NAV 3.0.0 was finally released on September 16 2005 with the following highlights:
For further details on the improvements made in the 2005 releases, we refer to the 3.0 change log with its history.
Project participants in 2005: John Magne Bredal, Kristian Eide, Vidar Faltinsen, Gro-Anita Vindheim, Morten Vold (project leader).
2006 has been a definite upswing for NAV. Project development is now supported by the UNINETT GigaCampus programme with an overall goal of getting NAV up and running at most major universities and university colleges in Norway within 2008. Morten Brekkevold (previously Vold) is devoted full time to NAV, now being employed by UNINETT. Vidar Faltinsen made a comeback as project leader. John Magne Bredal at NTNU devoted 40% of his time working with NAV. We also recruited a student, Stein Magnus Jodal, to work on NAV as a summer intern, and we kept him on for the fall.
The Universities of Tromsø and Bergen began sponsoring a FreeBSD port of NAV, while Tromsø offered to contribute their own code to NAV. The Debian developer Morten Werner Olsen at The University of Oslo was commisioned by UNINETT to maintain a Debian NAV package. A SuSE package was maintained by NTNU and Centos RPMs were contributed by Alexander Krapivin at MSU, Moscow, Russia.
A strategy of targeting new feature releases twice a year was established (with bugfix releases in between). NAV 3.1 was released in June and 3.2, with an original schedule of October, was released in February 2007.
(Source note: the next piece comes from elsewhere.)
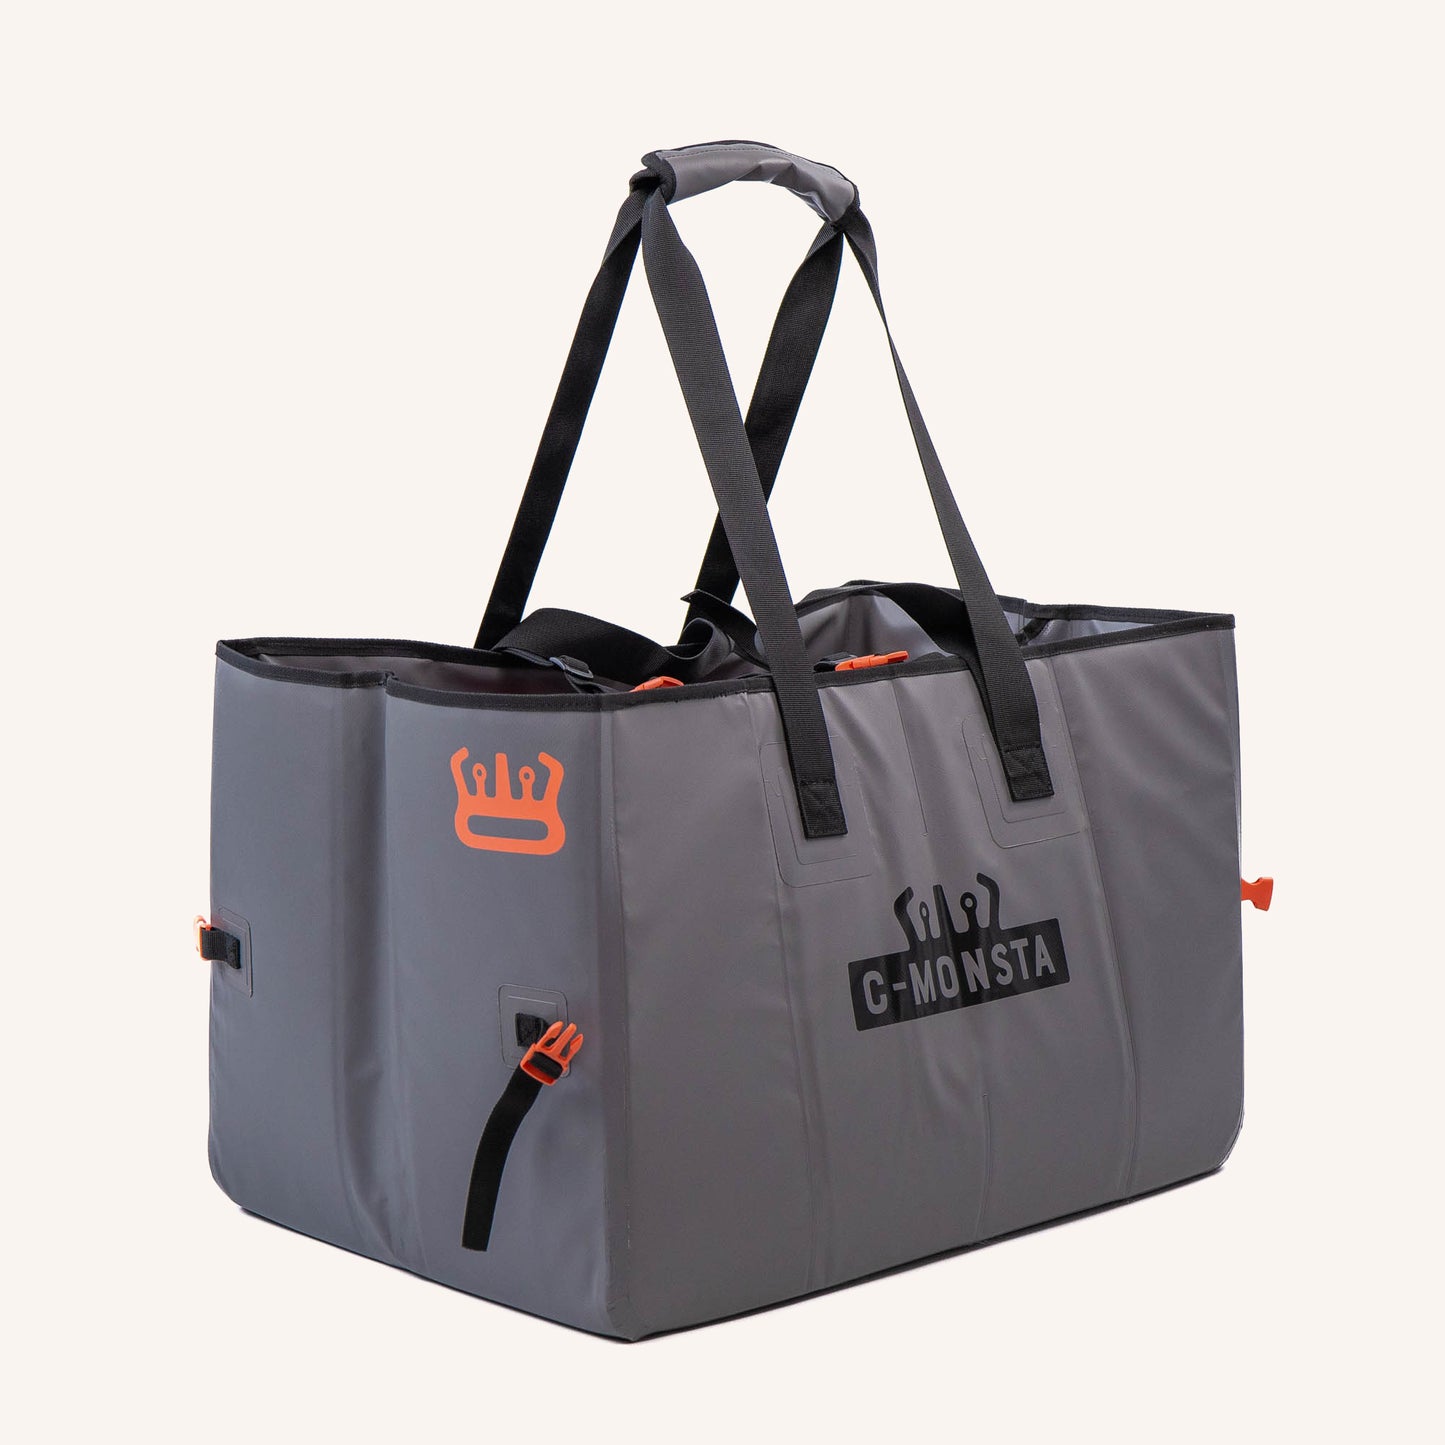 c-monsta Split Bag For Retailers x5 (US)

NAV gained the capability to actively block switch ports through the addition of the NTNU-contributed Arnold tool. Adding the ability to collect high speed traffic counters (64 bits) made it possible to reduce the Cricket collector frequency for gigabit switch ports from every 1 minute to every 5 minutes, thus removing the need to have a separate configuration tree for gigabit ports. The IP Device Center (later renamed to IP Device Info) was introduced.
We established a project page for NAV at SourceForge. This was used for bug tracking and hosting source code releases. A month after the 3.1 release, we had seen approximately 160 downloads from around the world (at the same time, the 3.0 version had been downloaded 674 times).
Project participants in 2006: John Magne Bredal, Vidar Faltinsen (project leader), Stein Magnus Jodal, Morten Brekkevold.
The NAV year of 2007 opened with the belated 3.2 release in February. The 3.2 release also marked our first step towards realizing a new long-term goal: Reduce the number of dependencies and programming languages utilized in NAV.
The 3.2 release replaced the messages system with separate maintenance and message systems, rewritten from scratch, after many usability complaints from users. The Perl SMS daemon was rewritten in Python, adding support for SMS dispatcher plugins. Much of the behind-the-scenes HTML and CSS was cleaned up and restructured. The release also brought numerous small improvements to NAV overall.
October 1st brought the NAV 3.3 feature release. This release added the long-awaited plugin based SNMP trap daemon, which enabled NAV to translate traps into NAV events and alerts. Browsing and searching of device history was greatly improved. The web interface received a major facelift. Switch/router interface names replaced port numbers as identifiers in most parts of the web interface.
The 2007 development project saw Morten Brekkevold take over as the project leader. Kristian Klette was taken on as a new student intern, and started working on a Traffic Map replacement, based on the Prefuse visualization library.
Project participants in 2007: John Magne Bredal, Vidar Faltinsen, Stein Magnus Jodal, Kristian Klette, Morten Brekkevold (project leader).